▸ **Task**:
In the listing below, find every line with the string "Minh" and pull it out.

▸ **Provided entries**:

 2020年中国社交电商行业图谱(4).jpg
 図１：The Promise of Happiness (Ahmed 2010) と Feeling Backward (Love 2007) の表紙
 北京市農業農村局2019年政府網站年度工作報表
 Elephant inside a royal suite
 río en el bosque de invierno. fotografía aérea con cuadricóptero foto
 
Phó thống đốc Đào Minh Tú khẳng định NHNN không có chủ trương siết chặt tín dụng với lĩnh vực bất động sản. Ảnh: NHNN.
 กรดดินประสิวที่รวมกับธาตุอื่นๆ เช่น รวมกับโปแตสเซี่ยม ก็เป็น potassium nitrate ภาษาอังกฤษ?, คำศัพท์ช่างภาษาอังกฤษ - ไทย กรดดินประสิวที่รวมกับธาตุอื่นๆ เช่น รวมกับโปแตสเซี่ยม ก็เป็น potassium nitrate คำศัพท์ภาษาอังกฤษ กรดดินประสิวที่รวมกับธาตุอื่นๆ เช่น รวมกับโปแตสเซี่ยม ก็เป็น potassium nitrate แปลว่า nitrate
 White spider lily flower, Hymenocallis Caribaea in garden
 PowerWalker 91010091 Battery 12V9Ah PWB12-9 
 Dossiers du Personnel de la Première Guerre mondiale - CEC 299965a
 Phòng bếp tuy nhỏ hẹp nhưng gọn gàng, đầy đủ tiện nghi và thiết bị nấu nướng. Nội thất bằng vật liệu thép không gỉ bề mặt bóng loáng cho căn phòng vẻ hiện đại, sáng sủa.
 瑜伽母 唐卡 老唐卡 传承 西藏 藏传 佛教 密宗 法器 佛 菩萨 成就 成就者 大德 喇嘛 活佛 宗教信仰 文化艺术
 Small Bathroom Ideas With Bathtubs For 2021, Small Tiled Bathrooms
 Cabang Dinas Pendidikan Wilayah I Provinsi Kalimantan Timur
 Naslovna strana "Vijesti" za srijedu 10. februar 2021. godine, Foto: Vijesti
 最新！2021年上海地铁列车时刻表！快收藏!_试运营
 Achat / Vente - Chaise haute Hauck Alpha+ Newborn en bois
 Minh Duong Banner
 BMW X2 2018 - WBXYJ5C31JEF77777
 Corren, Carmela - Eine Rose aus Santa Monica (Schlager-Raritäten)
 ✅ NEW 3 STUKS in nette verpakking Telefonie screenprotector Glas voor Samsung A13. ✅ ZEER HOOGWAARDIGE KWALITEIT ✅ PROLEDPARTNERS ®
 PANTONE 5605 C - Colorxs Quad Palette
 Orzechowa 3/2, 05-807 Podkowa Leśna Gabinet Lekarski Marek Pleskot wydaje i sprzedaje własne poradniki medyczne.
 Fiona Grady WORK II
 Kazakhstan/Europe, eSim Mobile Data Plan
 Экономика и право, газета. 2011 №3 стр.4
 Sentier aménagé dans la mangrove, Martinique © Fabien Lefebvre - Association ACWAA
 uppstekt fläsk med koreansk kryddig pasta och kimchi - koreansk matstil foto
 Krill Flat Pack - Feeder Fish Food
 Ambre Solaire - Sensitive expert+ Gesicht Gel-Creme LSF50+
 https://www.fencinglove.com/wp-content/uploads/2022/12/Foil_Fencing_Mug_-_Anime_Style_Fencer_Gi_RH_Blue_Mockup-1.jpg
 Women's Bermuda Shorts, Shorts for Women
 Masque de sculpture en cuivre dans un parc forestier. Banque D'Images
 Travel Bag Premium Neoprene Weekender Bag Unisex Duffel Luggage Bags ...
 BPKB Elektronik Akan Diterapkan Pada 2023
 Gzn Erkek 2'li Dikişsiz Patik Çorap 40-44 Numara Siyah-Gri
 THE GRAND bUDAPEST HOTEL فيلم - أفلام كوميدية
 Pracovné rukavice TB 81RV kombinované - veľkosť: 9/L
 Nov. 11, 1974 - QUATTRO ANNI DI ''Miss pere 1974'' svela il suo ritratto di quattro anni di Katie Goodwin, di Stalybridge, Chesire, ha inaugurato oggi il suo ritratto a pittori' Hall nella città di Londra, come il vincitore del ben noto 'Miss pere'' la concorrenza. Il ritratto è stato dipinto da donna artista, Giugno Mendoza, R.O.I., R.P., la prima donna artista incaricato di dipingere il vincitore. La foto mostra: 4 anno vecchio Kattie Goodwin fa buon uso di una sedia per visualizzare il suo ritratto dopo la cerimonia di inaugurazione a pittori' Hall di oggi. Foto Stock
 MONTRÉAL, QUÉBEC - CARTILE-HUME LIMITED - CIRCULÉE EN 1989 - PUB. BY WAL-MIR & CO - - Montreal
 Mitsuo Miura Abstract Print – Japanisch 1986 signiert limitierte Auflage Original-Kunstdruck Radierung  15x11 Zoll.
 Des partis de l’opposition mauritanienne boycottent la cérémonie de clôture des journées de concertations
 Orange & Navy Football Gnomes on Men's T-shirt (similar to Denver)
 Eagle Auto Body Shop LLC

▸ **Exercise response**:
Phó thống đốc Đào Minh Tú khẳng định NHNN không có chủ trương siết chặt tín dụng với lĩnh vực bất động sản. Ảnh: NHNN.
 Minh Duong Banner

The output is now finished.